共同親権になったら ~ 離婚すれば支配から逃れられる?
2026年9月16日
2026年4月から、離婚後の親権について「共同親権」が導入され、父母双方を親権者とする共同親権か、一方だけを親権者とする単独親権かを子どもの利益を考えて決める制度になりました。
共同親権と聞くと、「離婚しても父と母が一緒に子どもを育てる、より平等な制度」と感じるかもしれません。実際、離婚後も両方の親が子どもの養育に責任を持つことには大切な意味があります
しかし、すべての夫婦が「協力できる関係」でしょうか?
DVのある家庭では、夫婦の力関係が対等ではないことがあります。暴力は殴る・蹴るといった身体的なものだけではなく、怒鳴る、脅す、監視する、お金を制限するといった心理的支配や経済的暴力も含まれますが、離婚したからといって、その支配が自動的になくなるとは限りません。
共同親権では、重要な事項について父母がともに親権を行使することが原則となり、意見が対立すれば、家庭裁判所での手続が必要になる場合もあります。離婚後も相手との連絡や協議を求められることが、DV被害を受けた人にとって新たな負担や危険になる可能性があります。
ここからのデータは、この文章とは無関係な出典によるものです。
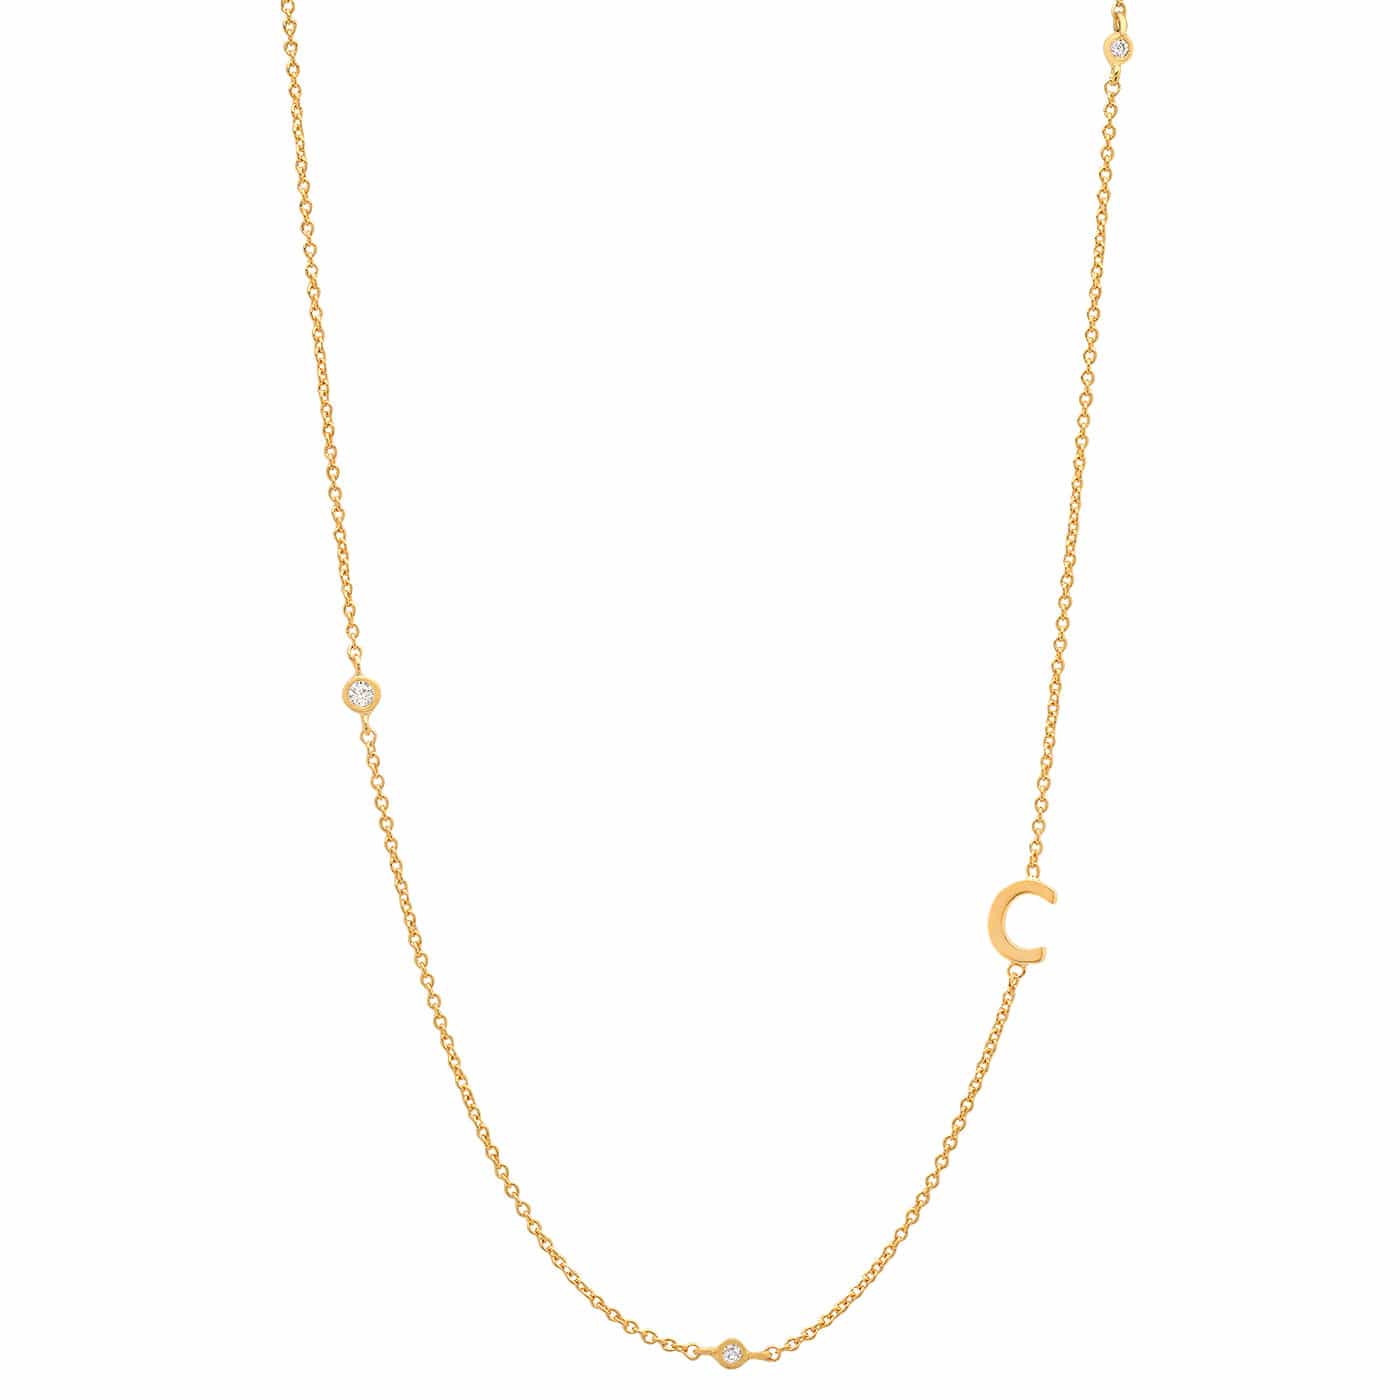 TAI JEWELRY Necklace C Sideways Initial Gold Necklace With CZ Accents
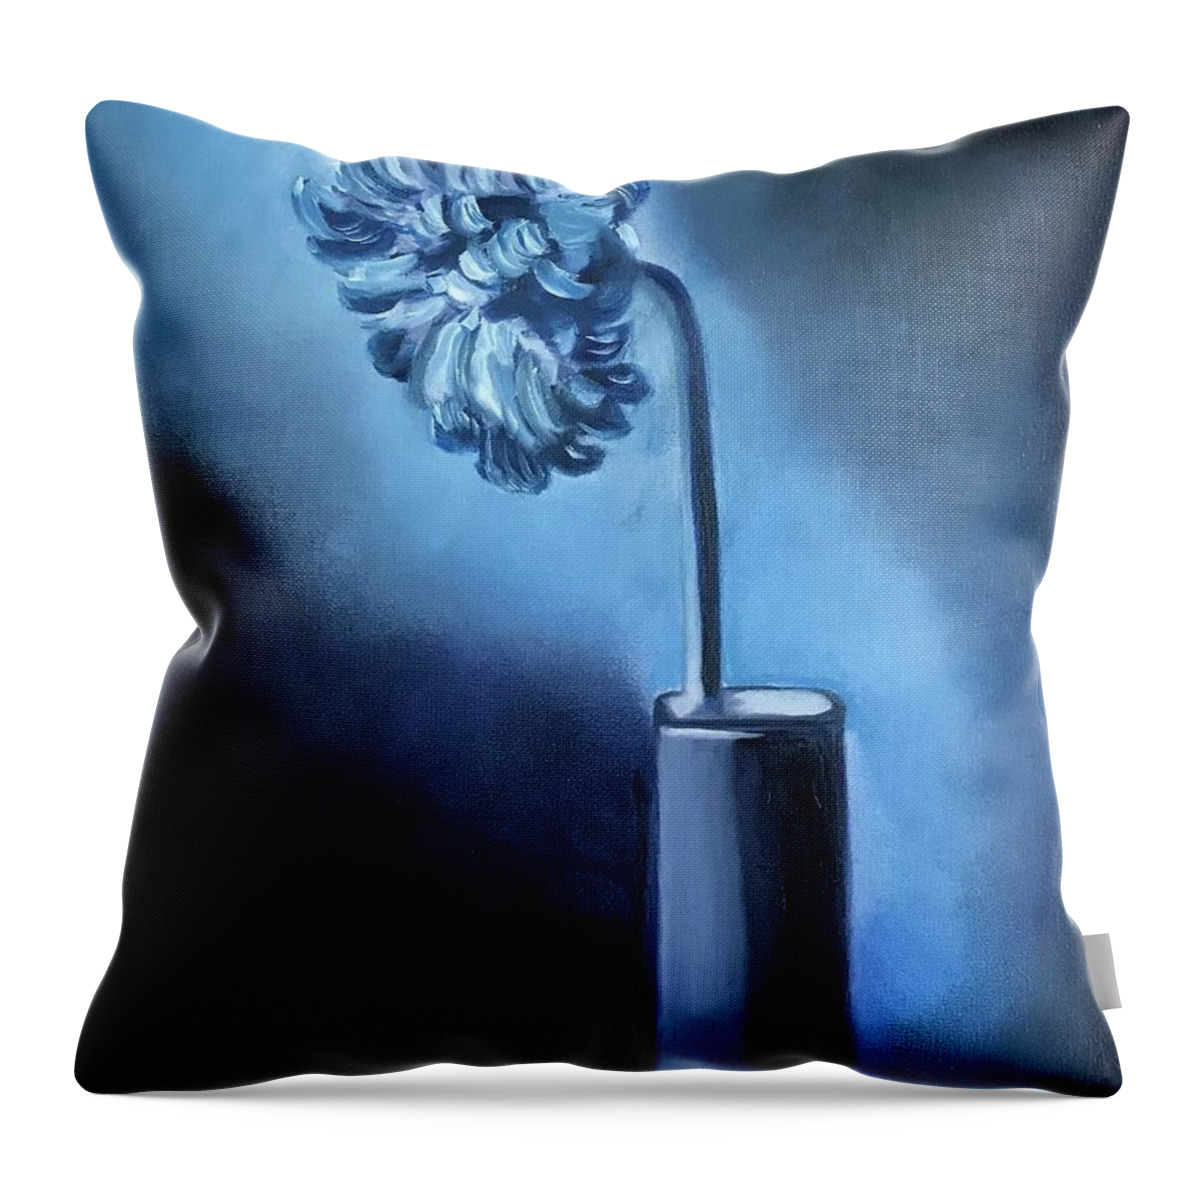 Original Art Work Throw Pillow featuring the painting Original - Loving the Blues by Theresa Honeycheck

改正法もこの問題を無視しているわけではありません。子どもへの虐待のおそれがある場合や、DVなどによって父母が共同して親権を行うことが困難な場合には、裁判所は単独親権としなければならないとされていますが、重要なのは、「見えない暴力」をどう見つけるのかということです。DVは家庭という閉ざされた場所で起こり、証拠が残らないこともあります。また、被害を受けた人が、相手への恐怖から本当のことを話せない場合もあります。
「父母の平等」という観点とともに、子どもとDV被害者が安全に暮らせること。そのために、離婚後も続く支配をどう断ち切るのかという視点が大切です。